In practice, this translates to a "defense-in-depth" approach spanning the full stack from research through engineering to policy. CEO Adam Gleave articulates it this way: "What makes us unique is that we are willing to do the hard thing and operate across all of those different layers of the stack, from groundbreaking exploratory research to the nitty-gritty engineering scaling work through to more advocacy and sales." The explicit goal is to develop safety techniques, prove they work at scale, get labs to adopt them, and then get governments to mandate them as standards.

Gleave's worldview is pragmatically optimistic. He estimates median timelines of 5-7 years for dangerous autonomous agents and ~14 years for fully autonomous AI organizations.

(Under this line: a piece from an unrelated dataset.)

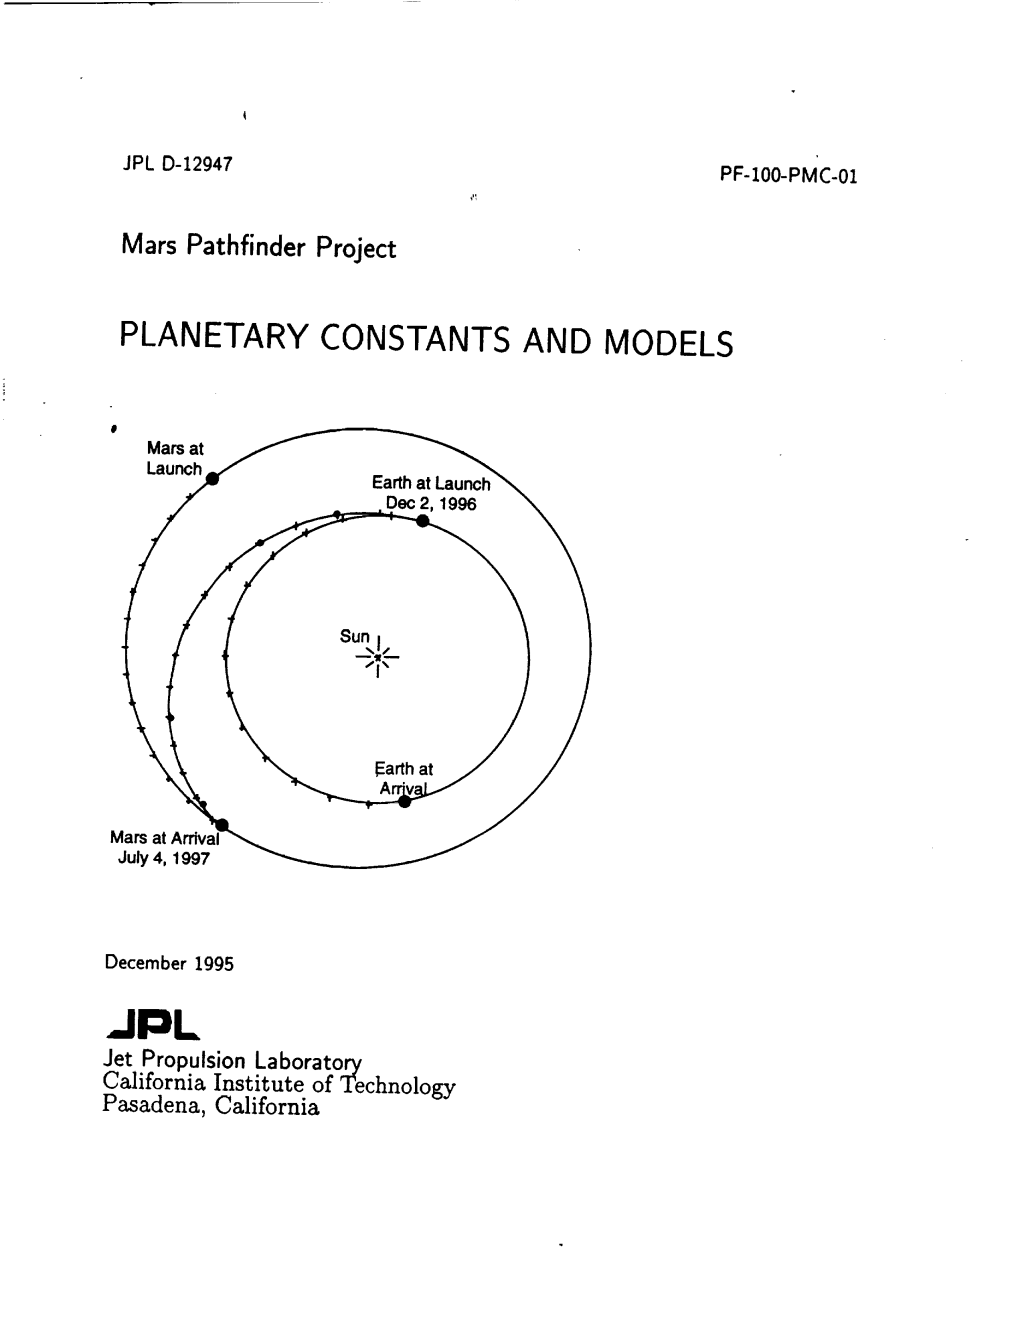 Planetary Constants and Models

He believes "a rigorous engineering approach" to defense-in-depth can work against constrained threat models, though he acknowledges it may not scale past human-level intelligence: "I don't know if you get past human-level intelligence safely with this."

What They Do

Research. 30+ papers since July 2022 founding. Signature work includes the adversarial attack on superhuman Go AI KataGo, the STACK methodology showing 71% bypass rate against multi-layer defenses (where conventional attacks scored 0%), lie detector training that can make models more honest or better liars depending on training choices, and jailbreak-tuning demonstrating that guardrails on frontier models can be cheaply removed.

Red-teaming. Testing defense-in-depth systems, including their own. The STACK work with UK AISI found that off-the-shelf Gemma 2 with few-shot prompting outperformed purpose-built safety models as a defense layer.

Regranting. $12M from CG for AI safety grantmaking. Nomination-only, no public list of recipients.

Field building. Alignment Workshop series (80 to 300+ researchers, expanding to 3/year including Asia). ControlConf (with Redwood Research and UK AISI). TIAP policy conference in Washington DC.

Coworking. FAR.Labs in Berkeley hosting ~40 members including AI Impacts, MATS, and independent researchers.

Policy. Selected to lead the EU AI Act CBRN risk consortium (3-year contract, Feb 2026). Co-organized IDAIS bringing together Western and Chinese AI scientists. Spun out Safe AI Forum (SAIF) as independent 501(c)(3).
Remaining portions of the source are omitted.